>>

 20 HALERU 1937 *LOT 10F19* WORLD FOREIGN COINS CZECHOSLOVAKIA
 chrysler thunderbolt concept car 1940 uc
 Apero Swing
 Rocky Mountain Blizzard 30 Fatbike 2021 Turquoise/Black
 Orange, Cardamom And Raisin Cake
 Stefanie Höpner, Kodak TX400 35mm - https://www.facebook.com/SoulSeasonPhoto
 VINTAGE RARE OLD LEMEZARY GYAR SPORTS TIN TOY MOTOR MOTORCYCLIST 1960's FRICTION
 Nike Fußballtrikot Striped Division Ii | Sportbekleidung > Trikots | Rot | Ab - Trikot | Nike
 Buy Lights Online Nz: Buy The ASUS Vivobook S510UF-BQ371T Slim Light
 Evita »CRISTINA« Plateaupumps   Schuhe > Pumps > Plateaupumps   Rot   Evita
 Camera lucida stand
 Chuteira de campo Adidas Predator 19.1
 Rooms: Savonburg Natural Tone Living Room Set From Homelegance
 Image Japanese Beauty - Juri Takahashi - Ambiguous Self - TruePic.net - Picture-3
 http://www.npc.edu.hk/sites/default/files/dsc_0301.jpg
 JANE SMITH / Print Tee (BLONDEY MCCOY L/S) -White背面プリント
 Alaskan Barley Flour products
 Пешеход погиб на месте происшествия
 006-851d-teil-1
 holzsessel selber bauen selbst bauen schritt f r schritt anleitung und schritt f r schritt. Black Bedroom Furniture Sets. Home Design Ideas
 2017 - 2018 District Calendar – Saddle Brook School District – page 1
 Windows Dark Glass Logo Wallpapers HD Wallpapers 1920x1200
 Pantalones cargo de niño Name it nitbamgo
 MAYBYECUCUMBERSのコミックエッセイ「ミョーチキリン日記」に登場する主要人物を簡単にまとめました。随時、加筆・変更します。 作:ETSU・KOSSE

<<

Assigned task.
Copy out the whole listing exactly as written.

Result below.
 20 HALERU 1937 *LOT 10F19* WORLD FOREIGN COINS CZECHOSLOVAKIA
 chrysler thunderbolt concept car 1940 uc
 Apero Swing
 Rocky Mountain Blizzard 30 Fatbike 2021 Turquoise/Black
 Orange, Cardamom And Raisin Cake
 Stefanie Höpner, Kodak TX400 35mm - https://www.facebook.com/SoulSeasonPhoto
 VINTAGE RARE OLD LEMEZARY GYAR SPORTS TIN TOY MOTOR MOTORCYCLIST 1960's FRICTION
 Nike Fußballtrikot Striped Division Ii | Sportbekleidung > Trikots | Rot | Ab - Trikot | Nike
 Buy Lights Online Nz: Buy The ASUS Vivobook S510UF-BQ371T Slim Light
 Evita »CRISTINA« Plateaupumps   Schuhe > Pumps > Plateaupumps   Rot   Evita
 Camera lucida stand
 Chuteira de campo Adidas Predator 19.1
 Rooms: Savonburg Natural Tone Living Room Set From Homelegance
 Image Japanese Beauty - Juri Takahashi - Ambiguous Self - TruePic.net - Picture-3
 http://www.npc.edu.hk/sites/default/files/dsc_0301.jpg
 JANE SMITH / Print Tee (BLONDEY MCCOY L/S) -White背面プリント
 Alaskan Barley Flour products
 Пешеход погиб на месте происшествия
 006-851d-teil-1
 holzsessel selber bauen selbst bauen schritt f r schritt anleitung und schritt f r schritt. Black Bedroom Furniture Sets. Home Design Ideas
 2017 - 2018 District Calendar – Saddle Brook School District – page 1
 Windows Dark Glass Logo Wallpapers HD Wallpapers 1920x1200
 Pantalones cargo de niño Name it nitbamgo
 MAYBYECUCUMBERSのコミックエッセイ「ミョーチキリン日記」に登場する主要人物を簡単にまとめました。随時、加筆・変更します。 作:ETSU・KOSSE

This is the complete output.